> [About this exercise]:
Set down the final stretch of the data, from the line that holds "Hanoi Flagtower in in Hanoi, Vietnam" through the last line, both included, with pictures left out.

> [Raw data]:
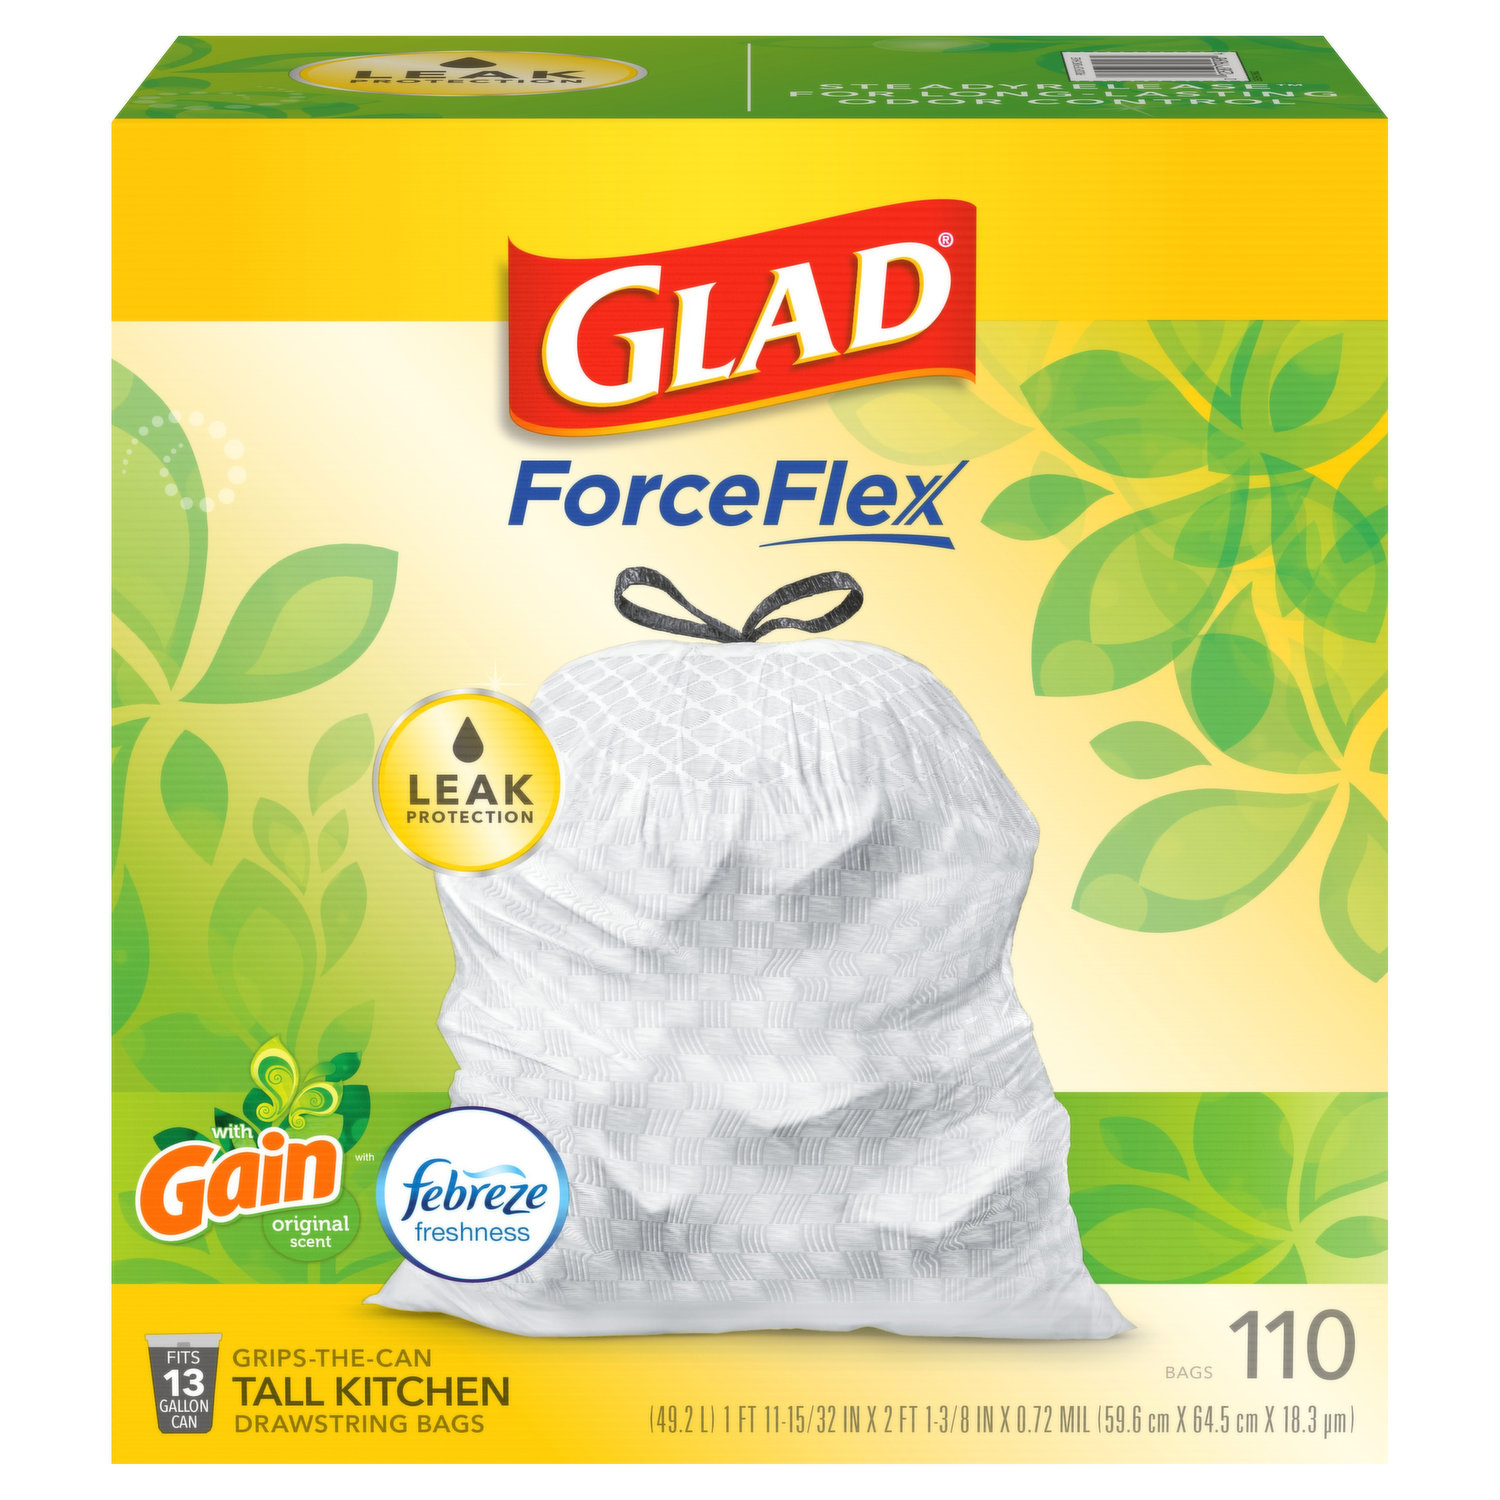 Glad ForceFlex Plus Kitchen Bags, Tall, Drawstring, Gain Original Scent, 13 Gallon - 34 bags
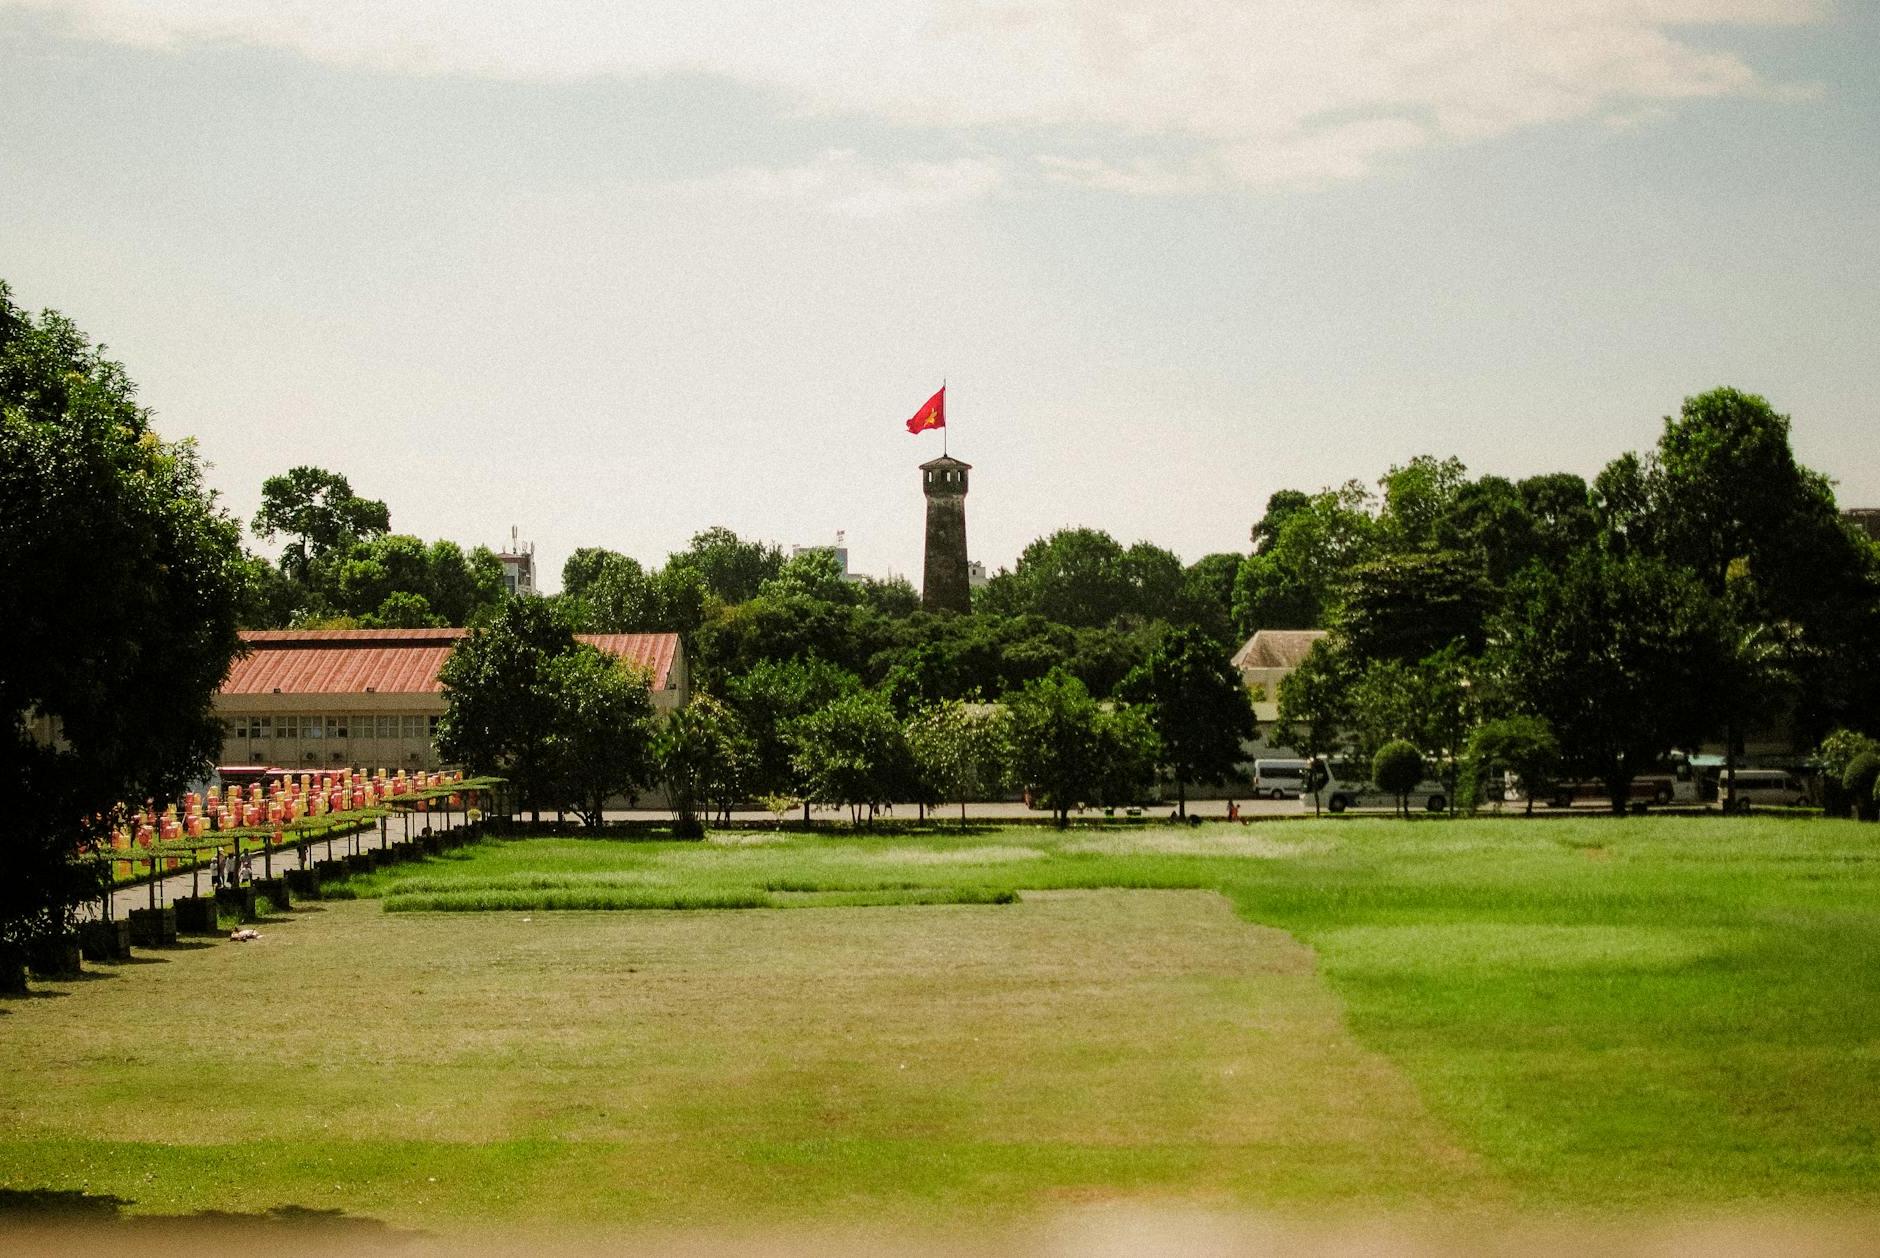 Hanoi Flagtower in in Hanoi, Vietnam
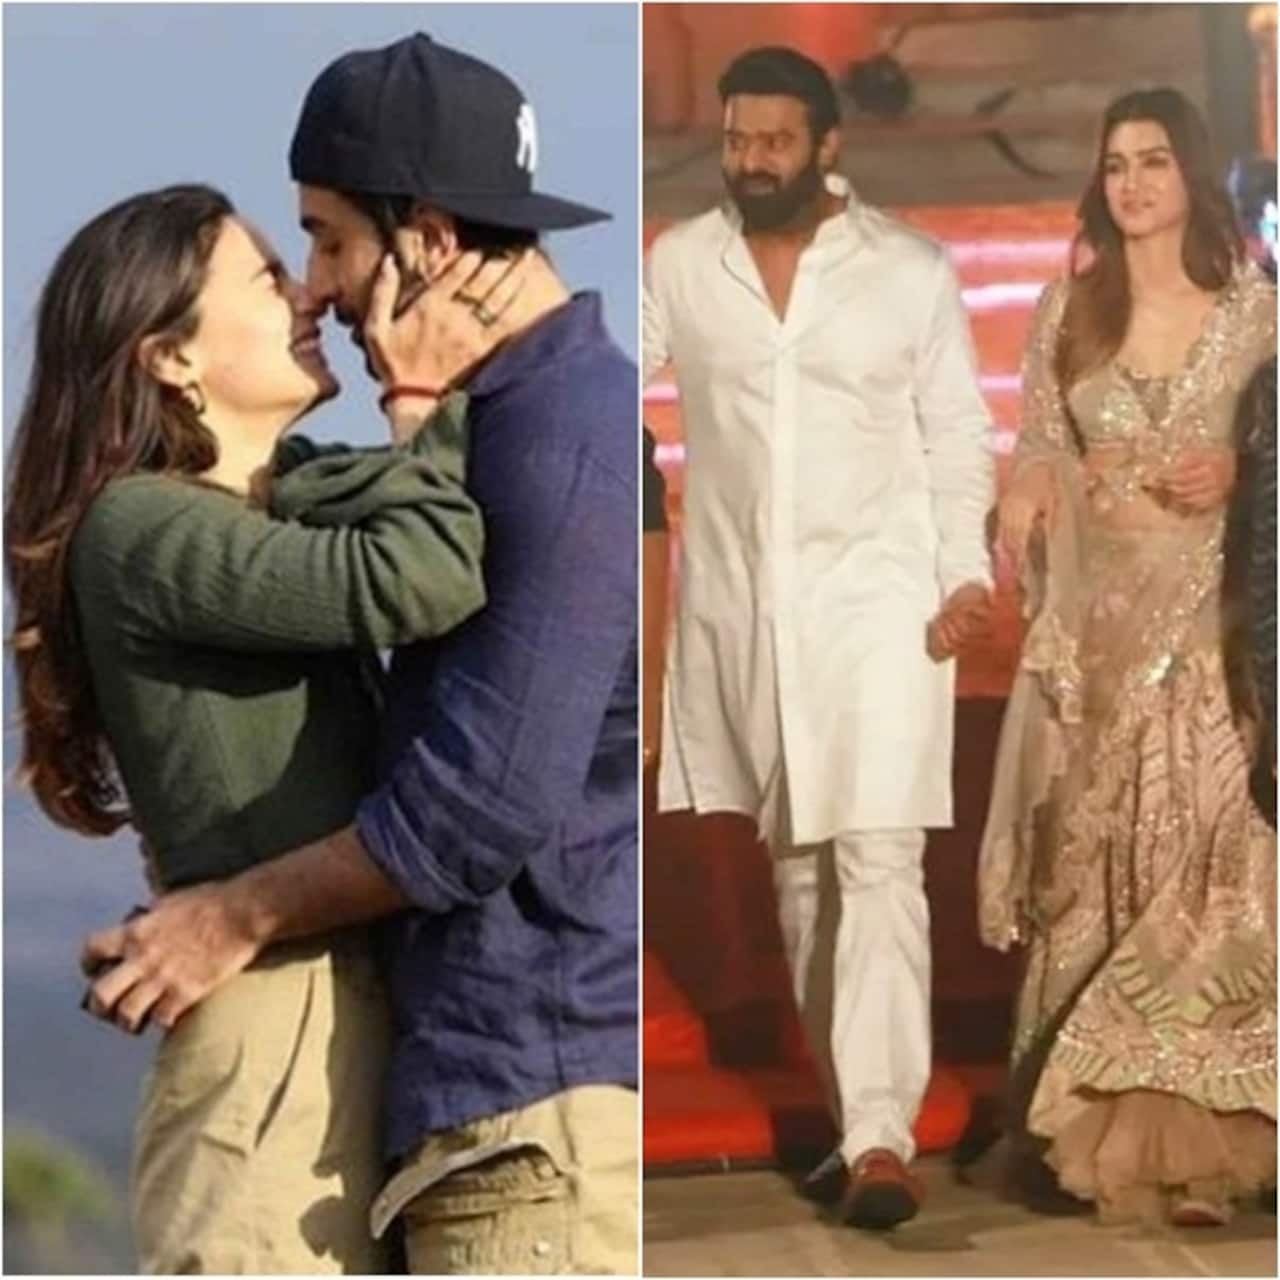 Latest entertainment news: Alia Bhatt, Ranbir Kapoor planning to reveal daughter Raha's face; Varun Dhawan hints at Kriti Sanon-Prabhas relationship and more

> [Result of this task]:
 Hanoi Flagtower in in Hanoi, Vietnam
 Latest entertainment news: Alia Bhatt, Ranbir Kapoor planning to reveal daughter Raha's face; Varun Dhawan hints at Kriti Sanon-Prabhas relationship and more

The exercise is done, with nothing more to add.